The plans outline how the project will provide Australian industry with a fair opportunity to participate in the project, with an aim to promote, develop and maintain sustainable Australian industry capability.
This ensures that local businesses share in the benefits of our infrastructure pipeline and helps to promote, develop and maintain sustainable Australian industry capability.
Within nine months of commencing major earthworks at Western Sydney International Airport nearly $37 million of work was subcontracted to 24 local businesses, ranging from traffic control to trucking and digging equipment to demolition works.
On Inland Rail which is only just underway, 84 local businesses have already worked on $46 million of construction on the Parkes to Narromine section.
And last week, the Prime Minister announced that the Government is bringing forward $3.8 billion of investment into the next four years, including $1.8 billion to be spent both this financial year and next year.
This will see projects accelerated across all states and territories.
This will help better connect people to their jobs, homes and communities providing people the opportunity to work, learn and socialise.
It is building the longer-term productive capacity of the economy by improving access from our farm gates and factories to domestic and export markets.

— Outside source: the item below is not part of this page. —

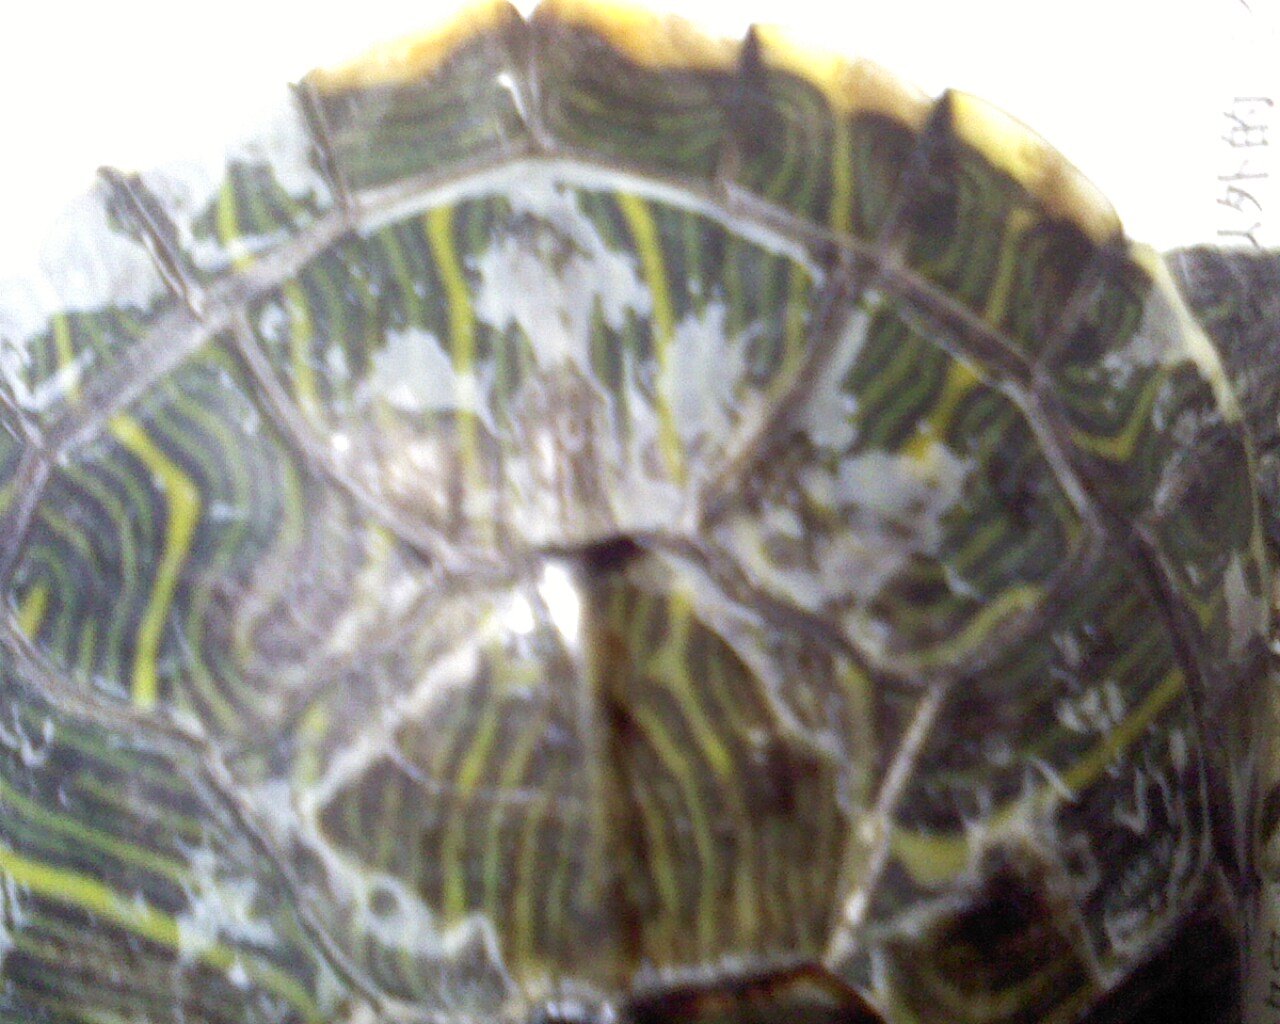 小巴西红耳龟图片高清原图下载,小巴西红耳龟图片,高清图片,壁纸 - 天下桌面

Over the next four years, infrastructure spending will average more than $10 billion in each year.
In the four years before we came to Government, it averaged around $6 billion.
This level of infrastructure spending is unprecedented in Australia’s history and while we are always prepared to accelerate projects, we need to ensure the sector has the capacity to deliver projects on time and on Budget so that we maximise the return to the taxpayer.
This unprecedented investment in infrastructure, more than $300 billion of tax cuts for small businesses and income earners and record spending on essential services is only possible because of responsible fiscal management and a budget that is back under control.
We have worked hard to rebuild the nation’s finances and are once again living within our means.
We are building economic resilience and creating the capacity to respond to future economic shocks.
And we are putting the Budget on a sustainable trajectory so that future generations do not have to pick up the tab for the last.
There are many reasons to be confident about Australia’s economic future, not least because of the entrepreneurship, vision and energy of Australia’s business sector, many of whom are represented in this room.
With tonight’s announcement of the Business Growth Fund and the many other initiatives underway, we look forward to working together – Government and business – to create more jobs and build a stronger economy for all.